Traction Control Myth?

Okay, this is going to be a good one ! I was not only told but I also researched it online, and that is if you disengage your traction control before you start driving, it actually will give more take off power, along with power in general, and, it will actually make your brakes last longer, like pads, etc. IS THIS A MYTH OR IS IT A FACT? I would love to get some feedback on this. I have done the above with my Enclave and notice a HUGE difference in power…

My 4wd, awd or whatever you want to call it only kicks in as needed, so my car no difference under normal driving conditions. Do not know your car.

Traction control will apply the brakes to the slipping wheel supposedly, so yeah it is using the brakes. Like I said though, in snow I disengage it and it helps keep the car going straight. Maybe it’s the car or an abs fault, but it will drive the car to the side of the road.

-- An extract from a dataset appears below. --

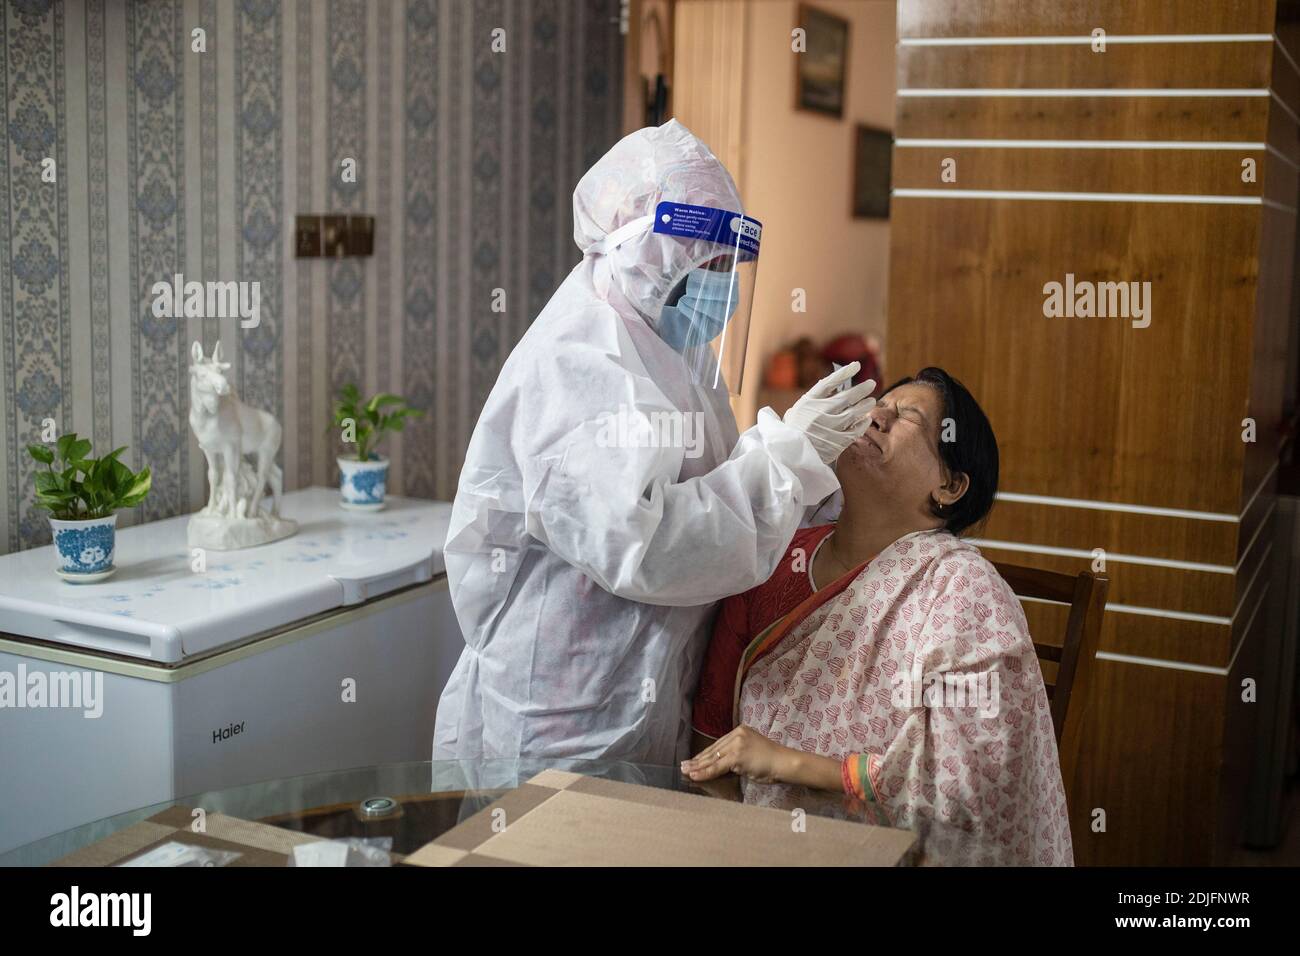 Un personnel médical recueillant un échantillon pour le test du coronavirus Covid-19 à domicile. Dhaka, Bangladesh Banque D'Images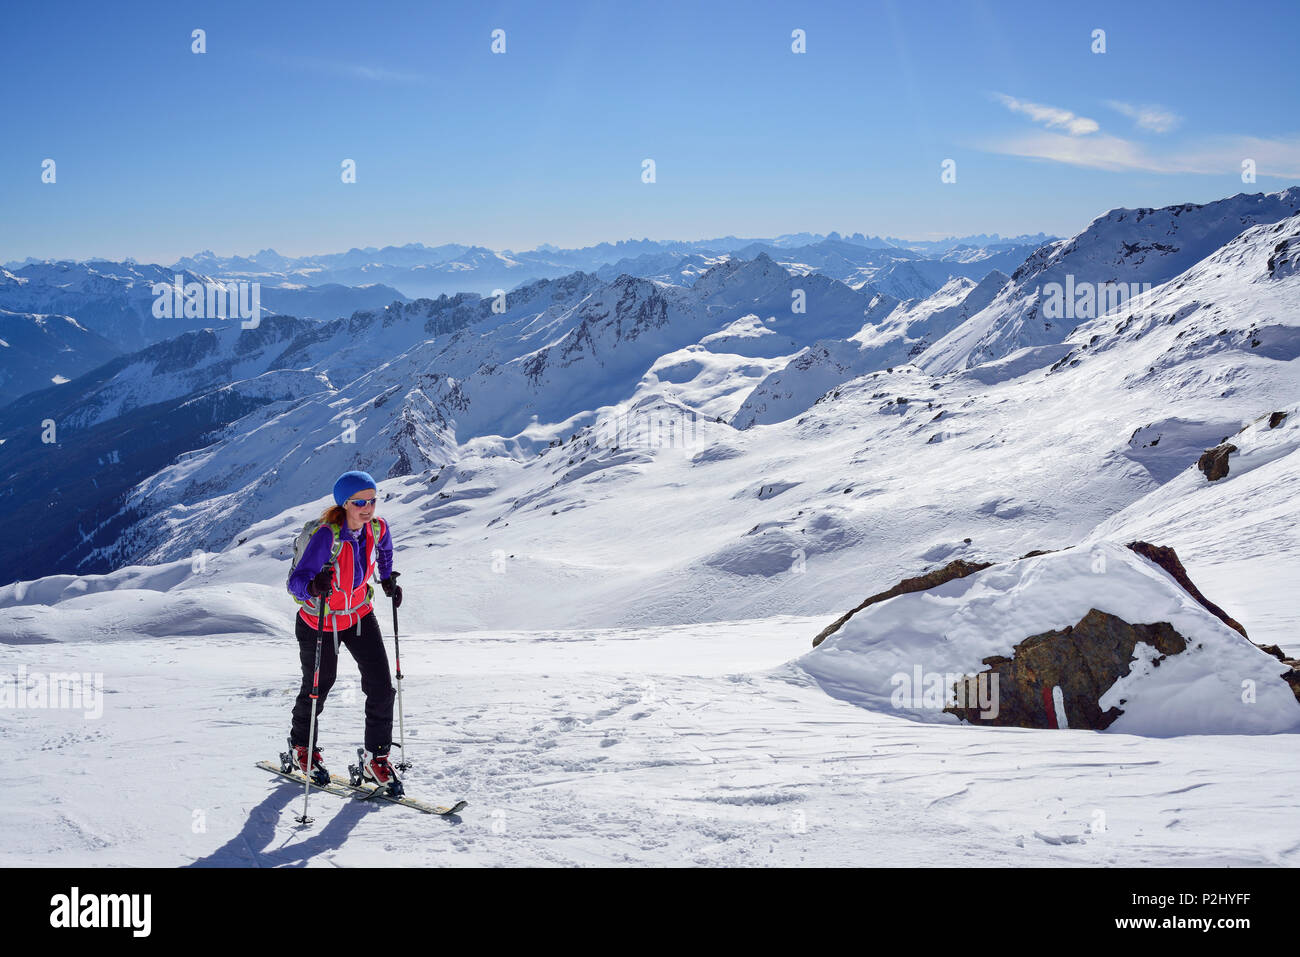 Frau back-country skiing aufsteigender Richtung Schneespitze, Schneespitze, Tal der Pflersch, Stubaier Alpen, Südtirol, Italien Stockfoto

I wish I would have realized it a few years ago. Friday the 13th, stayed too late and a huge storm. 7 miles to the plowed interstate and every time I’d hit the gas a little too much, it would drive me to the side of the road. I’ve got no time for it but I’ve been driving for 60 years without all these modern features.

It is a myth. It is only a perception on the part of the driver, not a fact.

Generally traction control reduces engine power so that the tires don’t spin. Some traction controls apply one brake or the other so that open differentials so that one wheel on a slipppery surface does not spin up when the other tire has traction.

Now some of these systems are tunec very conservatively and engage traction control early. Likely the case in a Buick. A Mustang will be far less conservative and allows lots of wheelspin.

Tires and traction are the point. If you don’t overpower the tires, there is no need for traction control to even engage… so power is maintained and brakes are saved. If you constantly engage traction control… either apply less throttle or get better tires.

4 Likes

I seriously doubt this. Please give us your 0-60 times with and without traction control.

1 Like

Me thinks Skip is confusing track performance with everyday driving .
Huge difference - doubtful - placebo effect ?

2 Likes

Your engine only produces X amount of power, turning trac off does not magically make the engine more powerful, what it does is allows you to use the power that was already there, but if you overpower the tires it doesn’t help your 60’ times…

So what you are probably feeling is the difference between reduced power (feels like it is bogging, lower rpm less power with trac on) and the tires spinning just enough to get the engine in the upper rpm range which is were the engine is giving you the feeling of more power…

1 Like

We had 10” snow and kid could not get uphill. The TC basically kept motor at idle since it was icy and deep snow. Car has a TC button and I never told her to push it and smoke the tires. Took her 10 min to go 200’. She was annoyed.
Oh yea, that was the Camry with absolute worse crap Oem tires.

The OP is talking about everyday driving, not a low-traction situation, so I’m afraid this really isn’t relevant to the discussion.